The number that will get screenshotted is Sol max at the top. The number that will change routing decisions is Sol xhigh nearly matching it with fewer tokens and fewer steps.
SWE-Bench Pro caveat
Margin Lab's daily SWE-Bench Pro trace showed the most dramatic visual move: a late spike to roughly 80% after months of 5.5 runs clustering closer to the mid-50s.
OpenAI's SWE-Bench Pro audit complicates every clean reading of that chart. The company found 27.4% of tasks broken by automated analysis and 34.1% broken by human review, then retracted its earlier recommendation to adopt SWE-Bench Pro as the replacement for SWE-bench Verified.
Capital & Compute's breakdown put the split plainly: Sol leads on the Coding Agent Index, DeepSWE, and Terminal-Bench, while Fable still leads SWE-Bench Pro by a large margin in published model-level numbers.
Frontend leaderboards
Code Arena: Frontend gave OpenAI a cleaner win narrative. arena's post said GPT-5.6 Sol xHigh reached joint #1 with Claude Fable 5, moving from GPT-5.5 xHigh at #18 to Sol at #1, while priced at $5/$30 per million input/output tokens.

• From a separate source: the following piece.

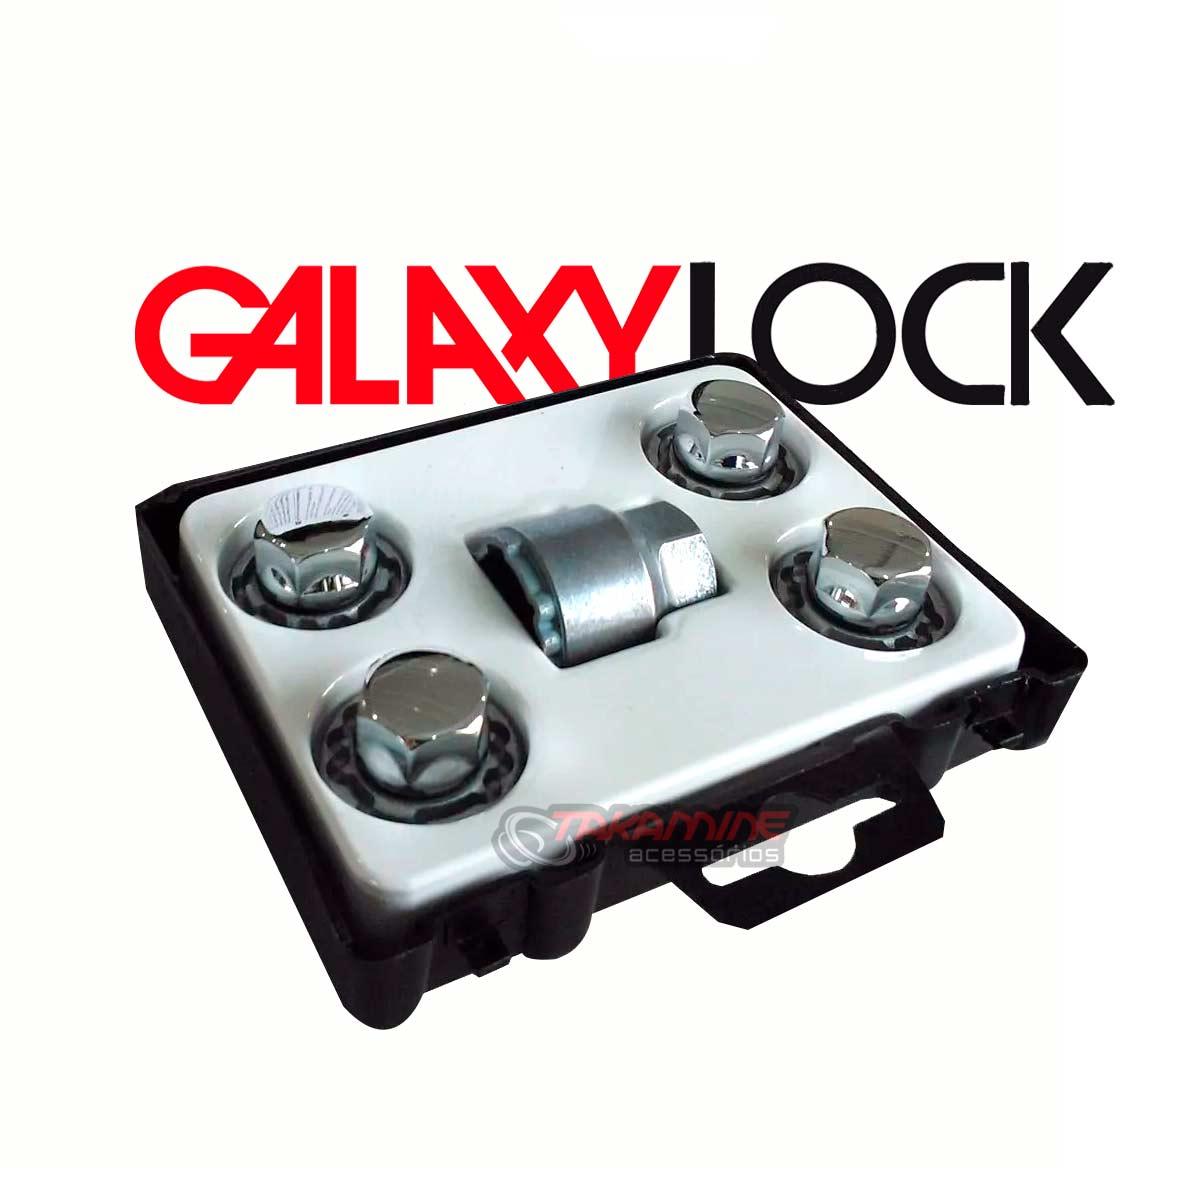 Porca antifurto para rodas Galaxy Lock Onix 2013 até 2020 H/M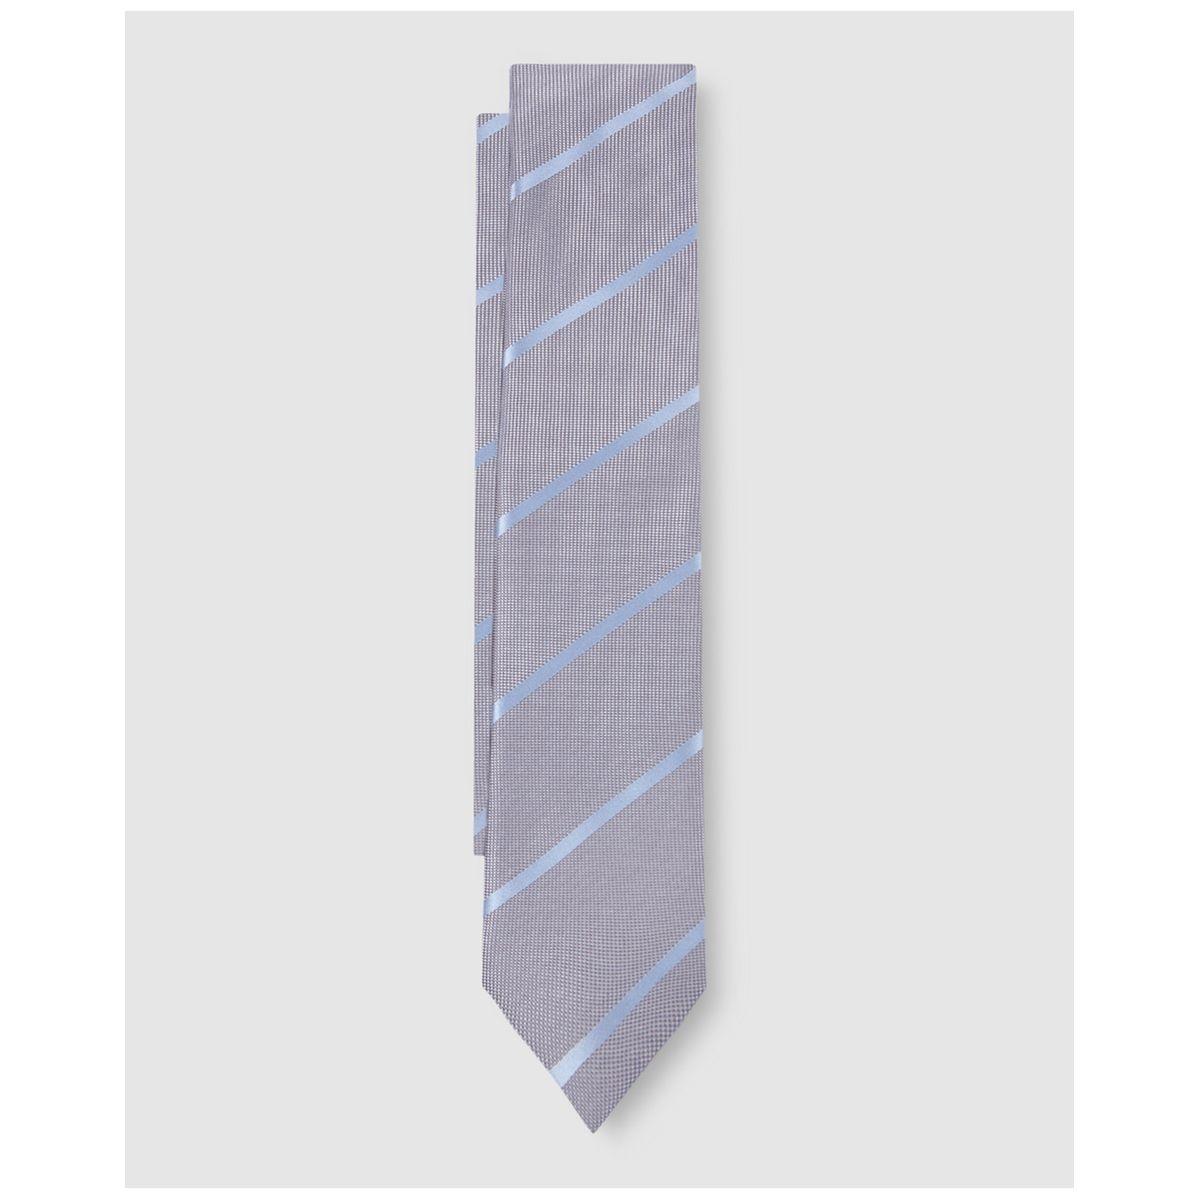 Cravate roi imprimé rayures /

Design Arena was narrower and easier to misread. rohanpaul_ai said Sol reached 1353 Elo, 60 points above GPT-5.5, and moved OpenAI up 18 leaderboard positions, but the arena measures human preference over webpages produced from prompts, not software correctness or reliability.
Harness effects
Composio ran 47 real agentic SaaS tasks and found a behavioral split: Claude Fable 5 finished 47/47, while GPT-5.6 Sol finished 45/47 and used fewer tool calls when a short path was obvious.
Same model, different harness became its own mini-story. theo's Claude Code complaint said GPT-5.6 Sol was meaningfully better inside Claude Code than Codex, and thsottiaux's claudex recipe posted a proxy-based alias for running Sol through Claude Code.
The harness axis also explains the smart-router obsession. Yuchenj_UW counted the new routing surface as five recent model launches plus three GPT-5.6 models and five effort levels inside one family.
Usage burn
The launch's roughest operational bug was usage drain. thsottiaux listed four changes after the rollout:
- Inference optimizations passed through to subscriptions, worth about 10% more usage.
- Codex's GPT-5.6 Sol context limit reverted from 372k to 272k after higher-than-intended usage charging.
- Reasoning-effort experiments, called juice values under the hood, were reverted.
- Multi-agent usage in high and xhigh was higher than intended, with fixes planned alongside an auto-review efficiency fix.
theo connected those pieces into one failure mode: long threads filled context windows, subagents inherited that context, Ultra spawned expensive nested subagents, and fast mode could add another multiplier.
The pattern matched community reports. A Reddit user said one Extra High Codex task consumed more than 70% of a five-hour limit in roughly 20 minutes the Reddit usage report.
Integrations and routers
Amp was the cleanest product-side signal: sqs said Amp became about 50% cheaper on average after mostly replacing Opus with GPT-5.6.
Amp's differentiators were model routing and agent infrastructure, not just raw model access: agent modes could tap Fable and other models, Orbs ran agents remotely, and the plugin API exposed deeper customization than Codex.
Capy also added GPT-5.6 Sol, Terra, and Luna with Codex subscription support, with Capy's launch post saying Sol nearly matched Fable 5 in its internal evaluations at a fraction of the cost.